- Freudenstadt in 2026
- District: Freudenstadt
- Electorate: 87,214 (2026)
- Major settlements: Entirety of the district of Freudenstadt

Current electoral district
- Party: CDU
- Member: Katrin Schindele

= Freudenstadt (electoral district) =

State electoral district of Germany

Freudenstadt is an electoral constituency (German: Wahlkreis) represented in the Landtag of Baden-Württemberg. Since 2026, it has elected one member via first-past-the-post voting. Voters cast a second vote under which additional seats are allocated proportionally state-wide.
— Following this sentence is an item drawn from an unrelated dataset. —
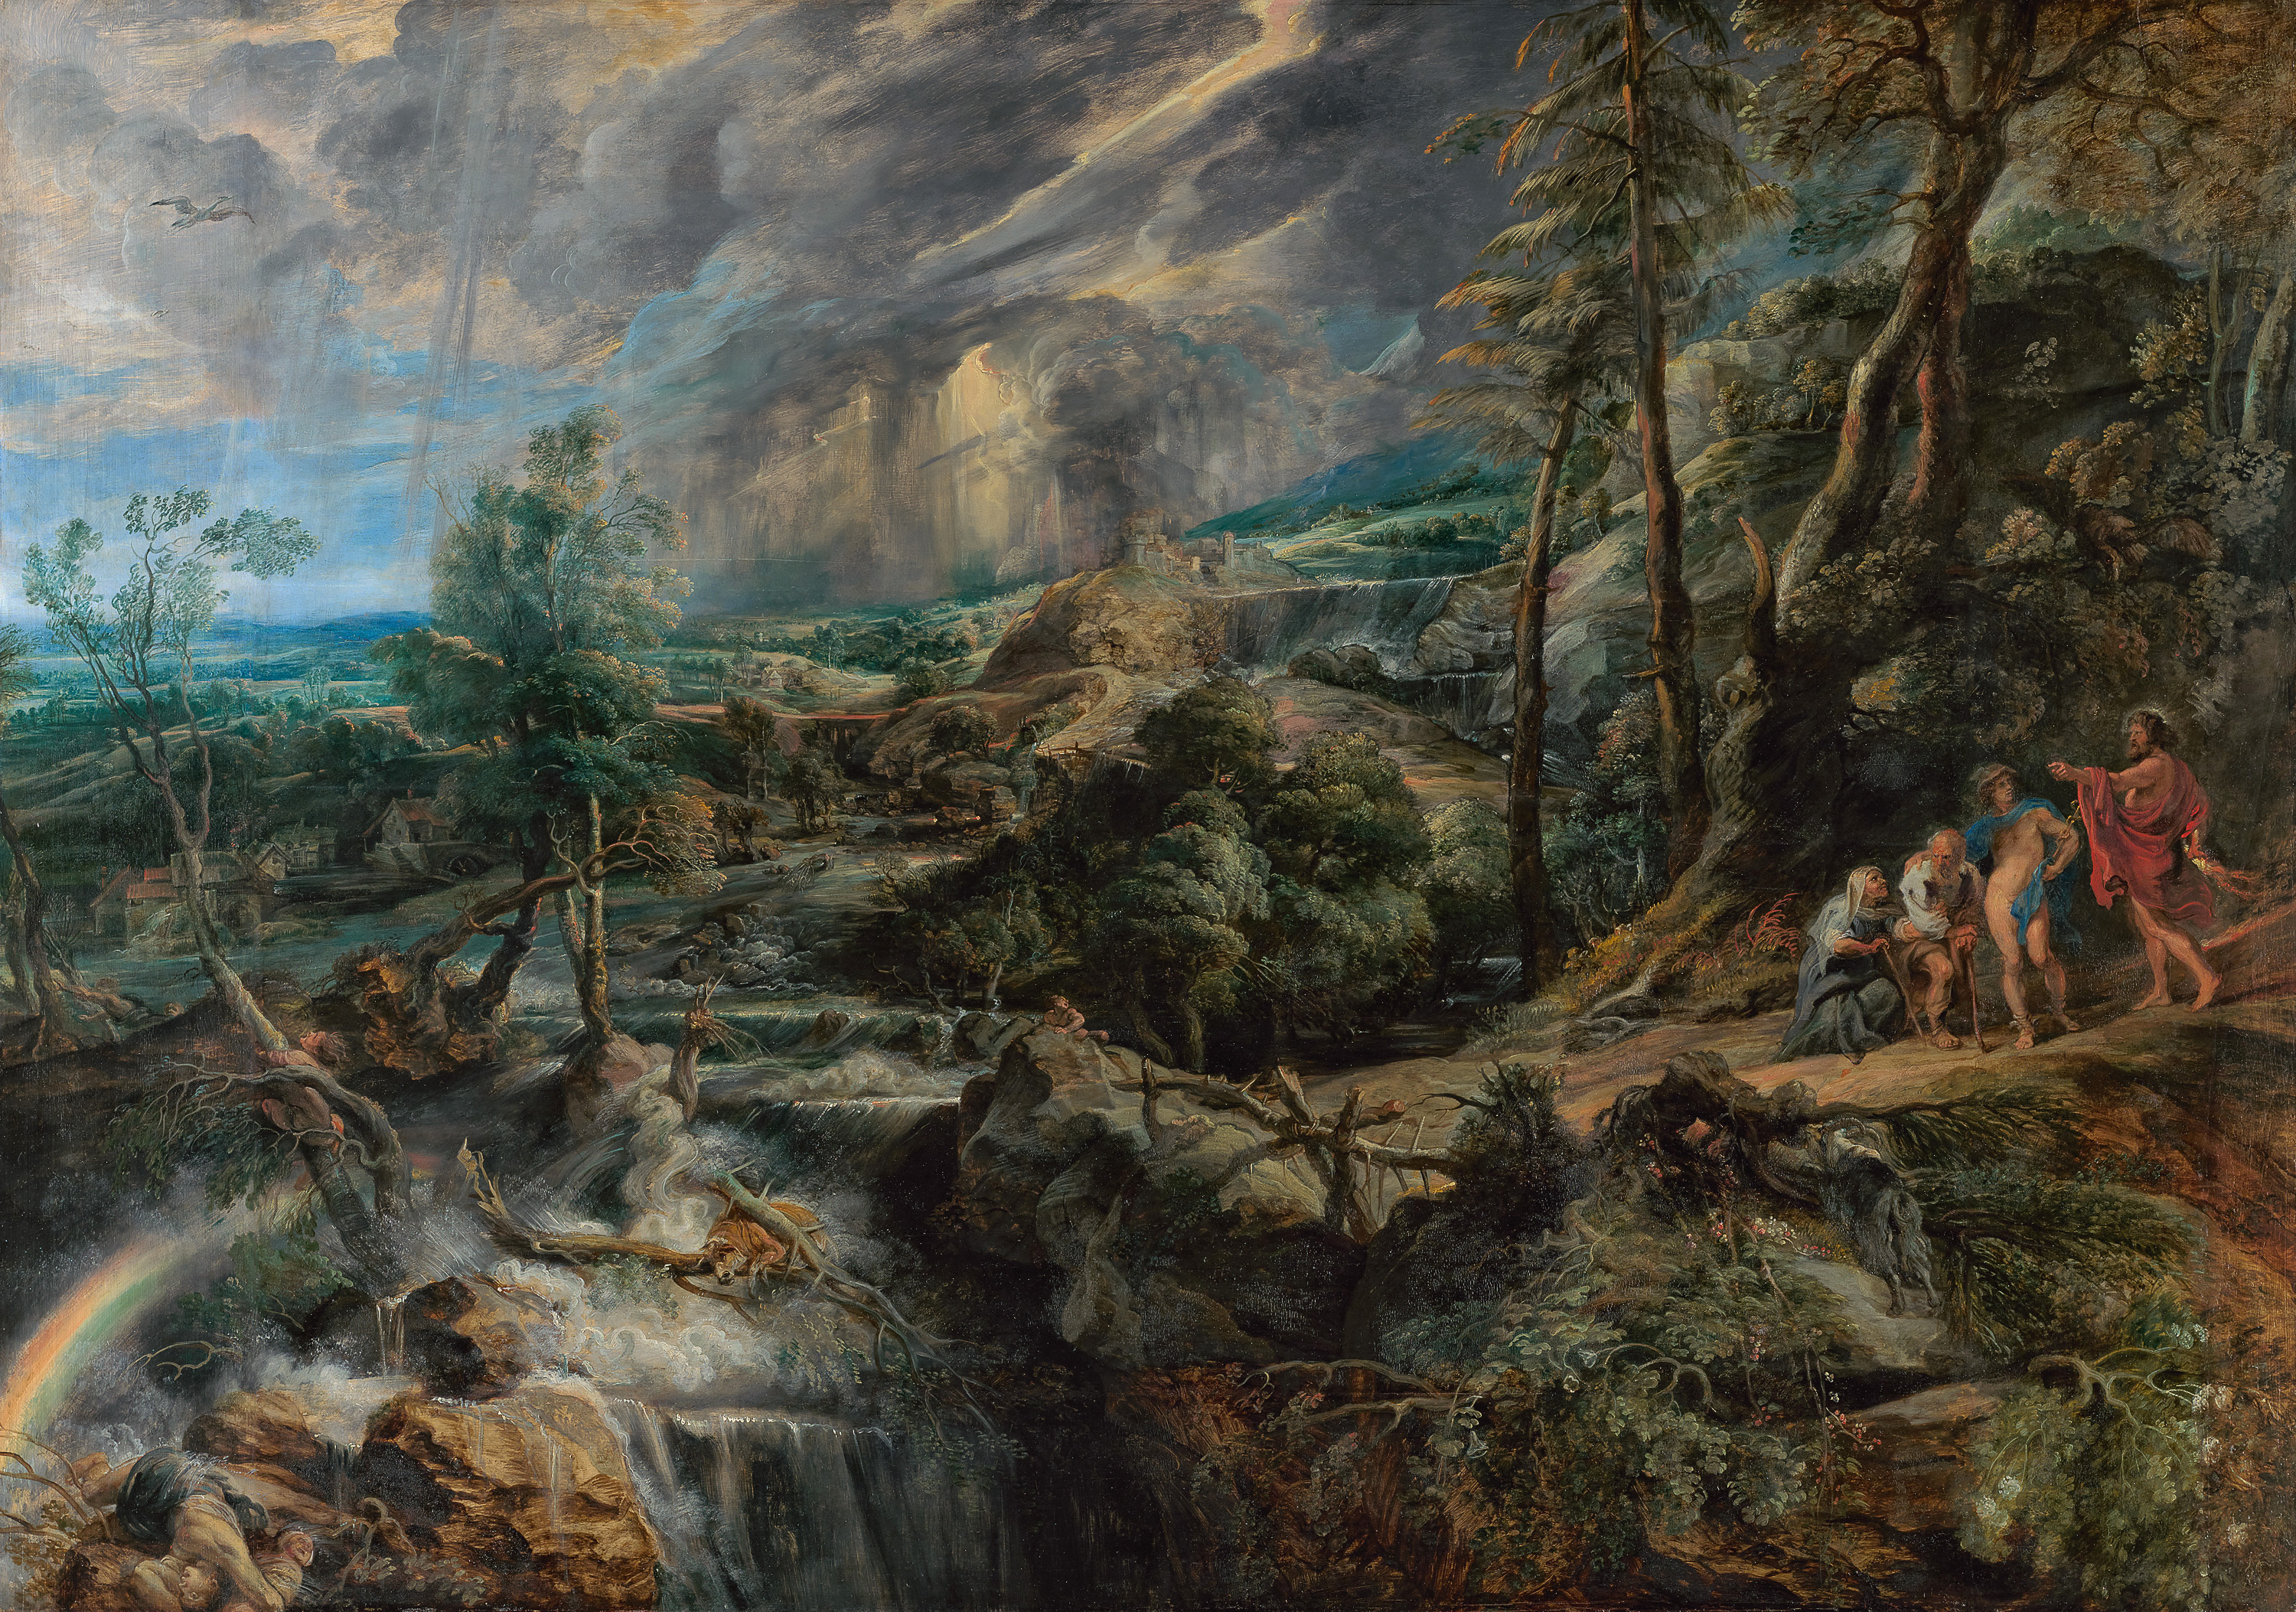 斐利蒙和柏西斯的风景画 by 彼得 · 保罗 · 鲁本斯 - 1620/1625 - 208.5 x 146 cm 艺术史博物馆

Under the constituency numbering system, it is designated as constituency 45.

==Geography==
The constituency incorporates the entirety of the district of Freudenstadt.

There were 87,214 eligible voters in 2026.

==Members==
===First mandate===
Both prior to and since the electoral reforms for the 2026 election, the winner of the plurality of the vote (first-past-the-post) in every constituency won the first mandate.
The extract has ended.